Task details - Copy the material below verbatim from the line with "Lápis carvão negro" to the line with "Apartamento à venda", both lines included, omitting pictures and every line outside that range.

Available data -
.....

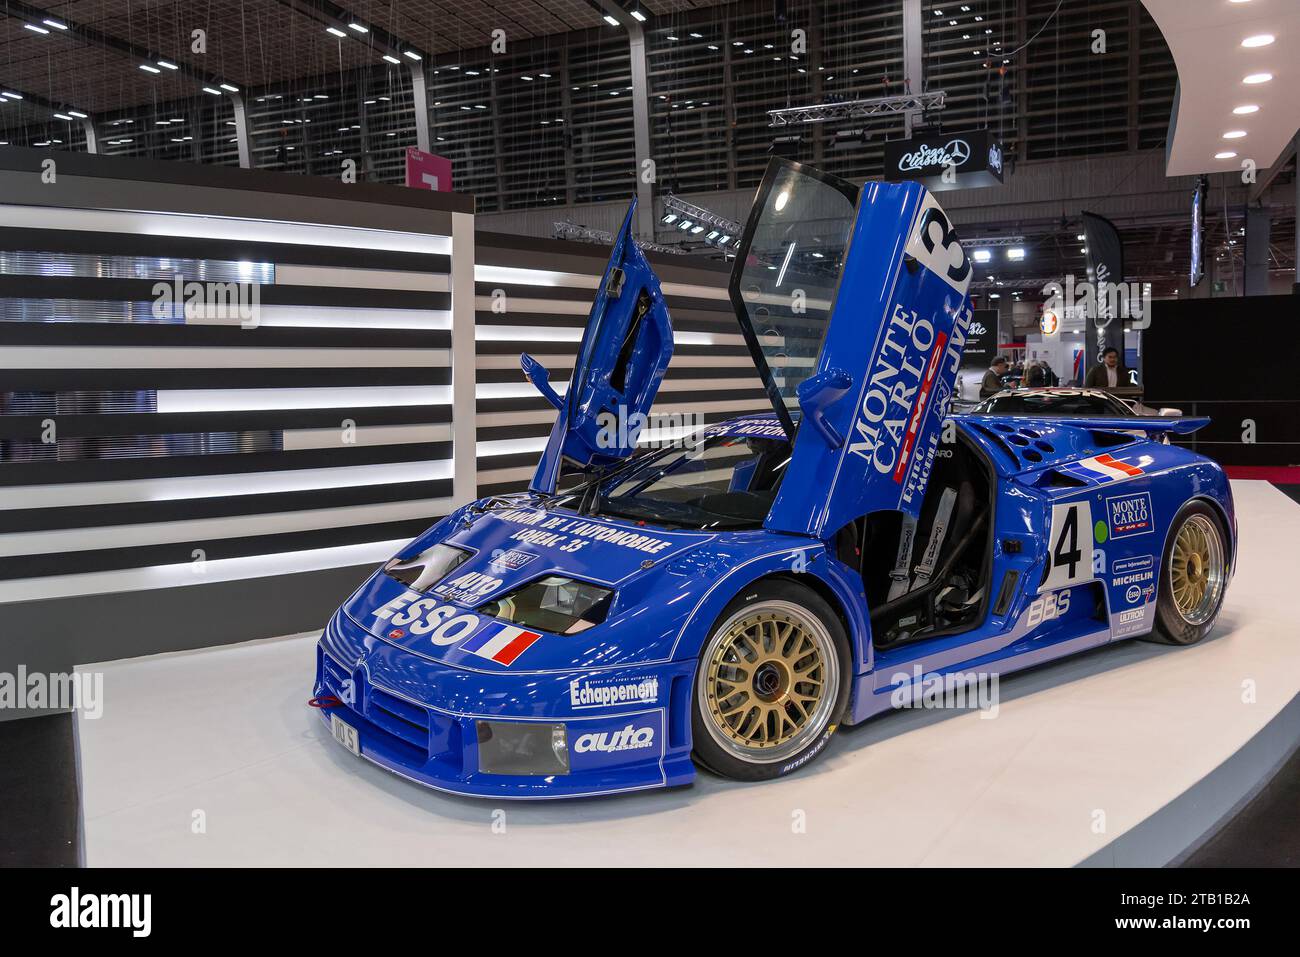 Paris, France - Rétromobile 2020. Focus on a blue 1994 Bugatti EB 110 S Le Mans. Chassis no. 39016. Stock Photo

.....

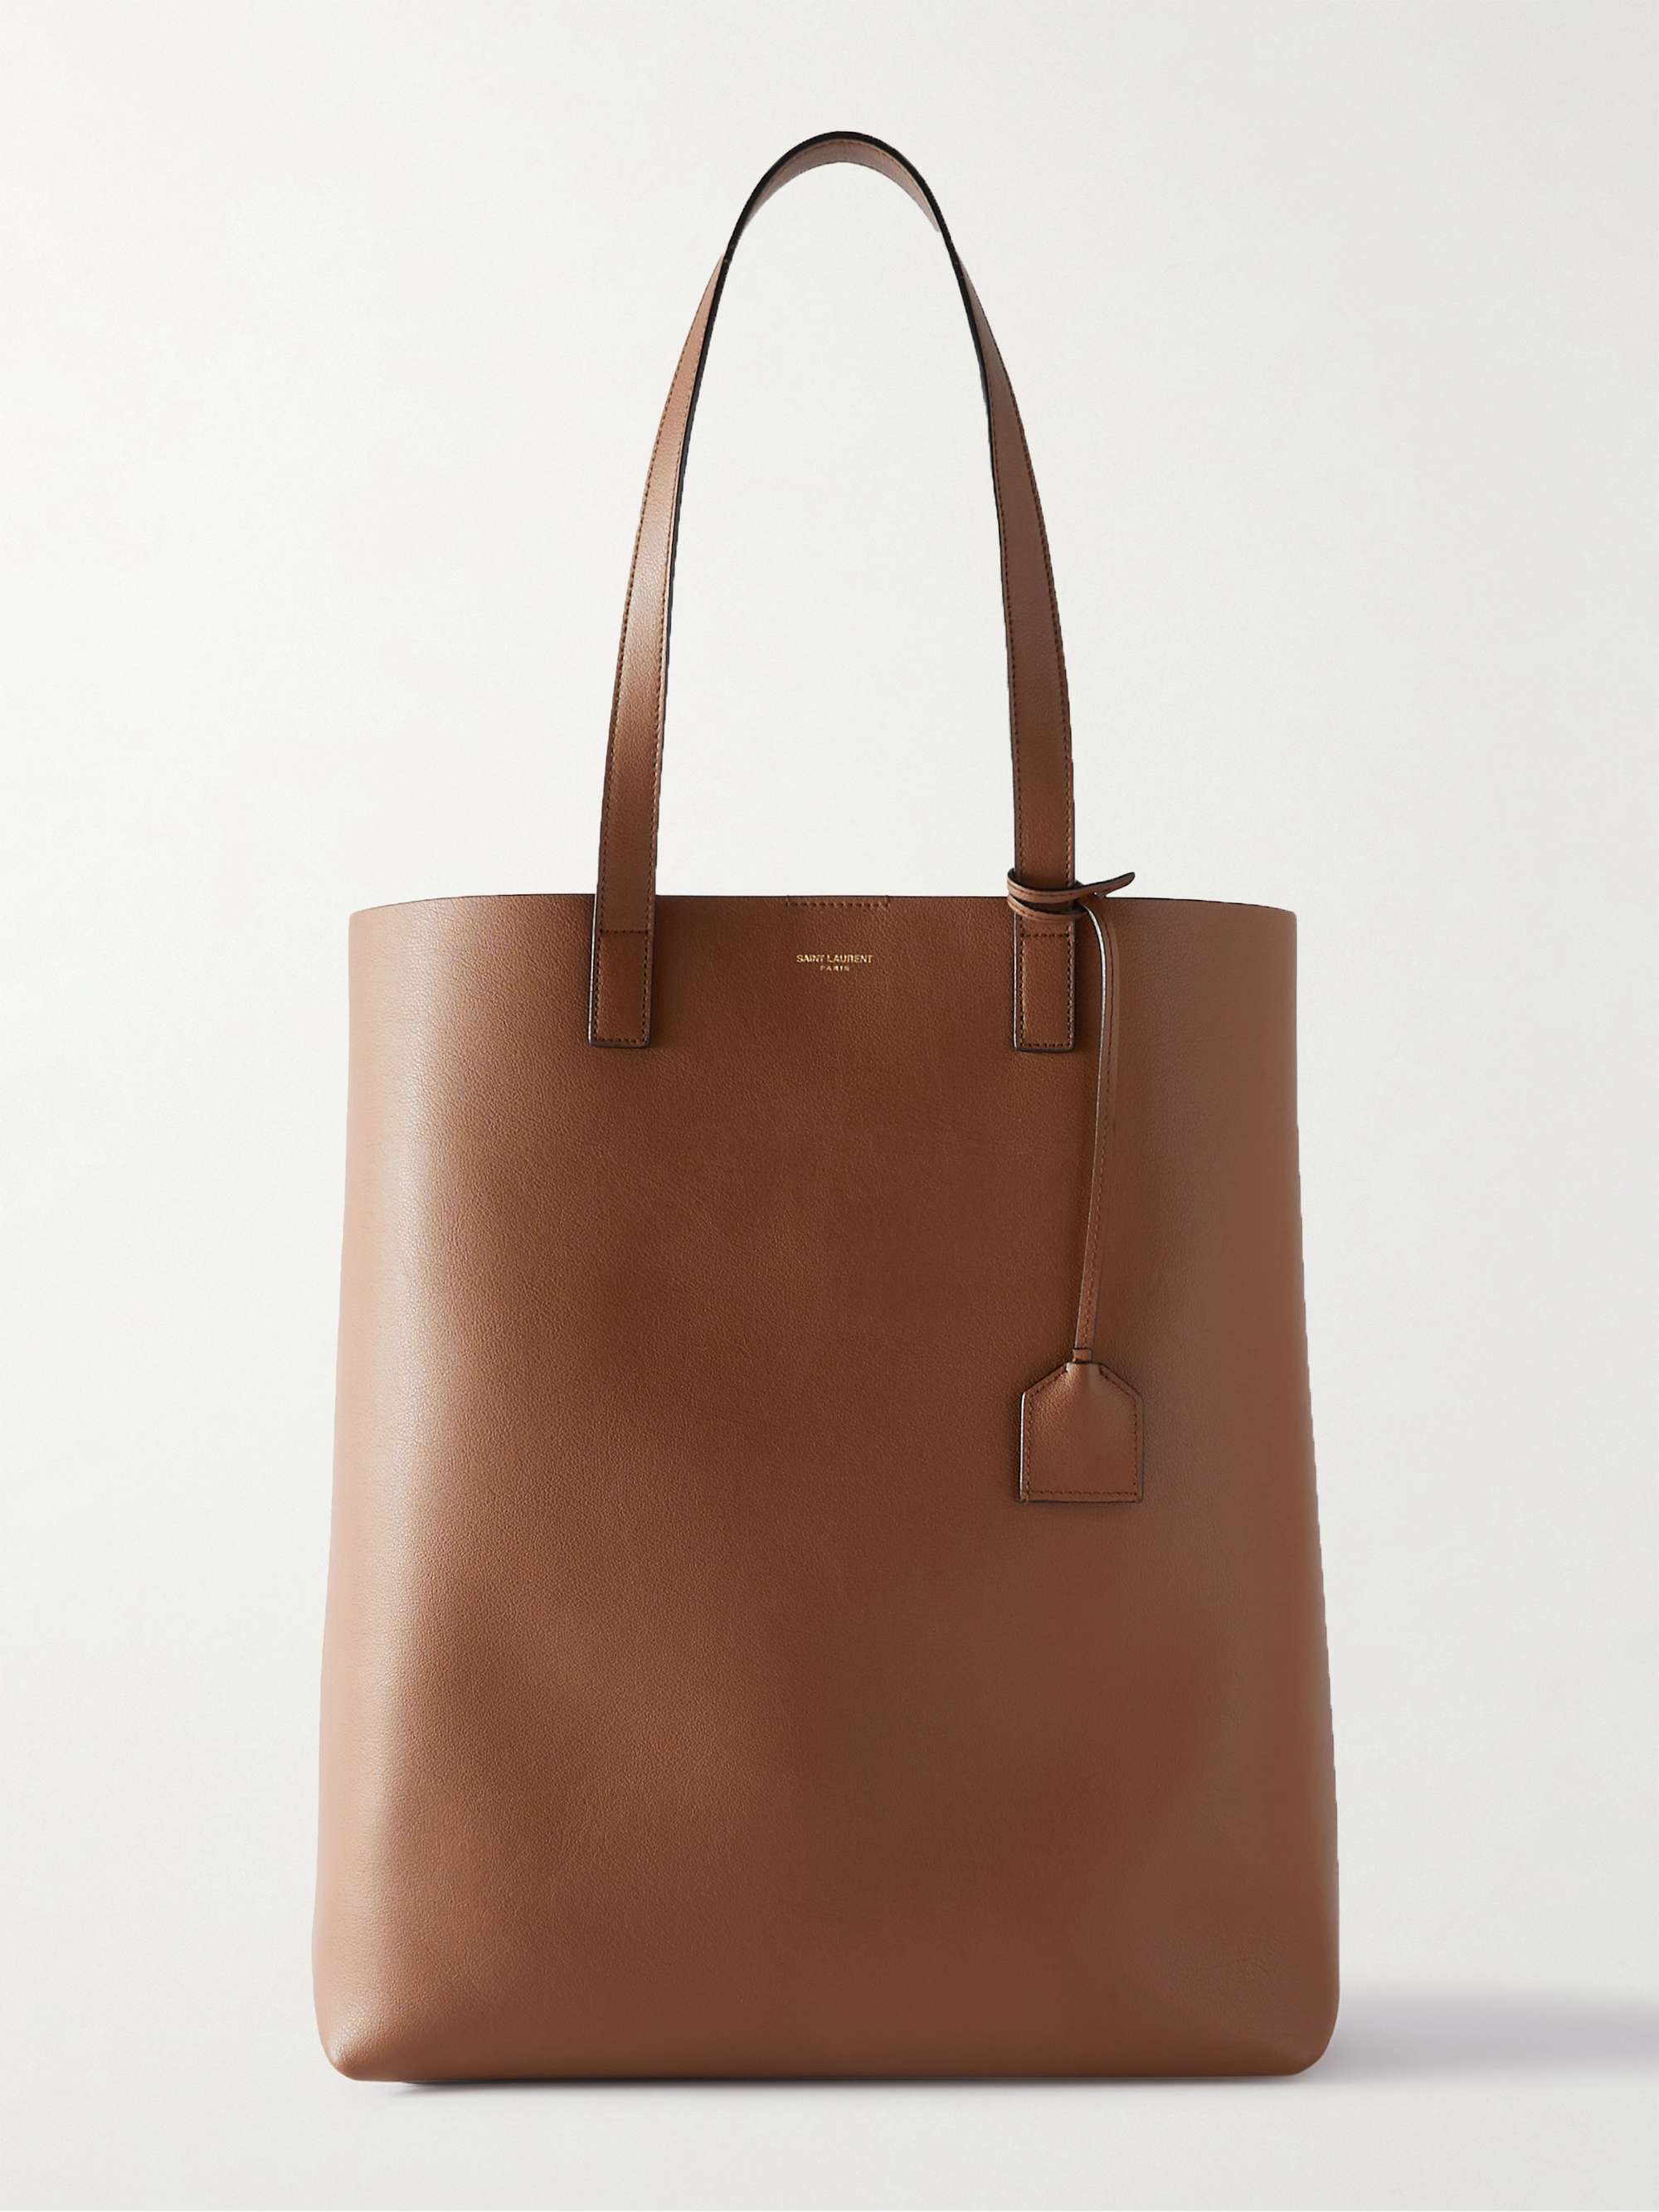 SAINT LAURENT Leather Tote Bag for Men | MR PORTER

.....

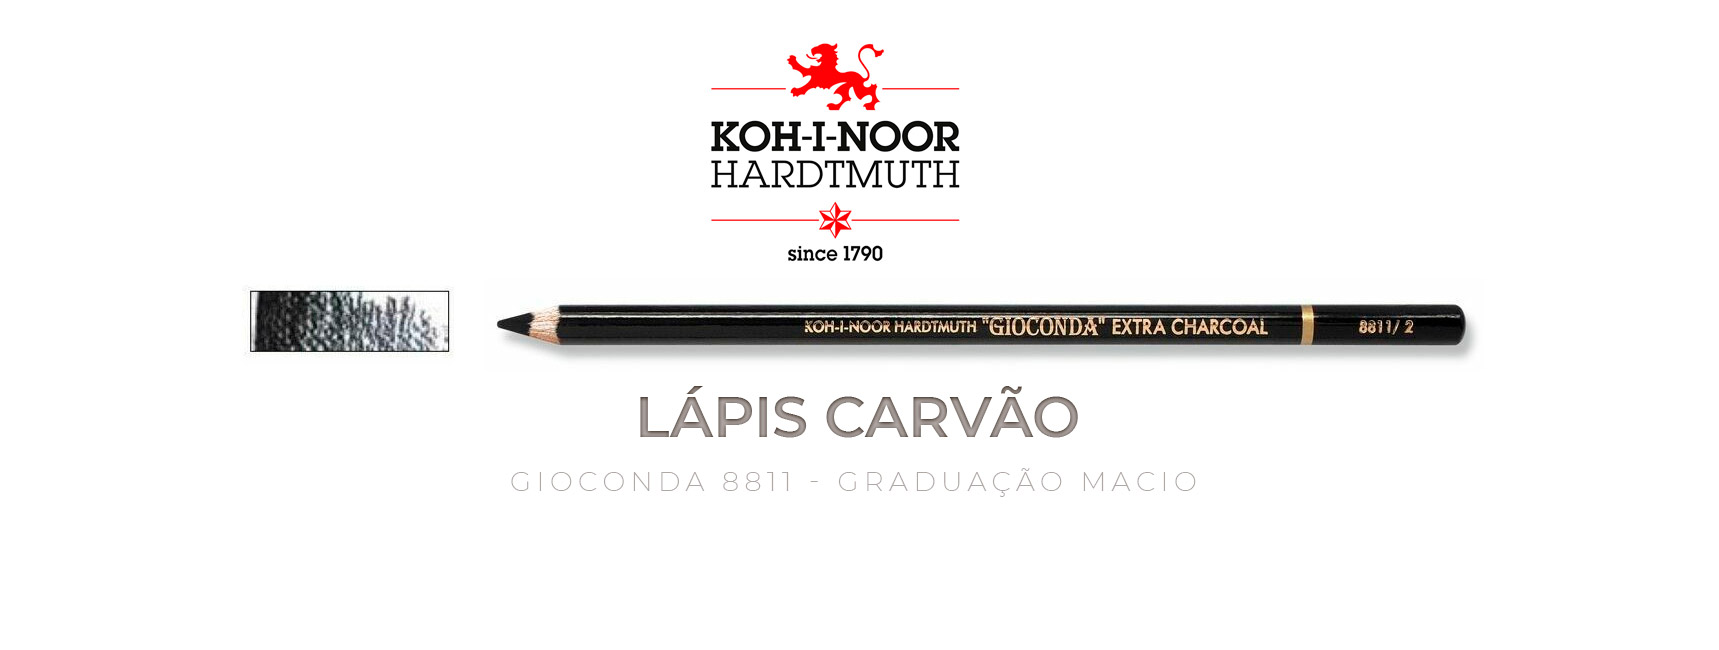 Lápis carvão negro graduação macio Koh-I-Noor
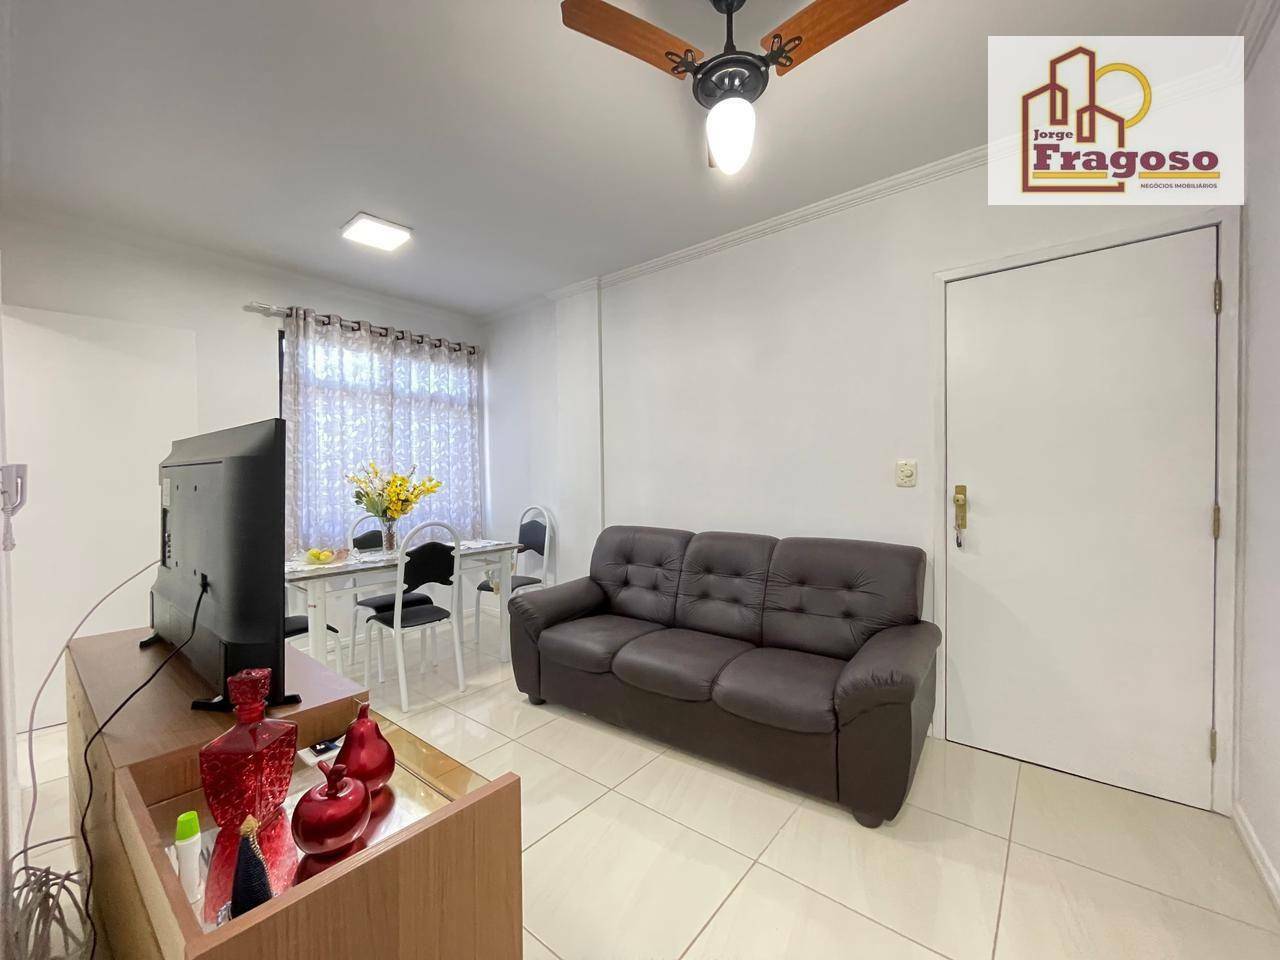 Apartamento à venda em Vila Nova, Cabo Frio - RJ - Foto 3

.....

Answer to this exercise -
 Lápis carvão negro graduação macio Koh-I-Noor
 Apartamento à venda em Vila Nova, Cabo Frio - RJ - Foto 3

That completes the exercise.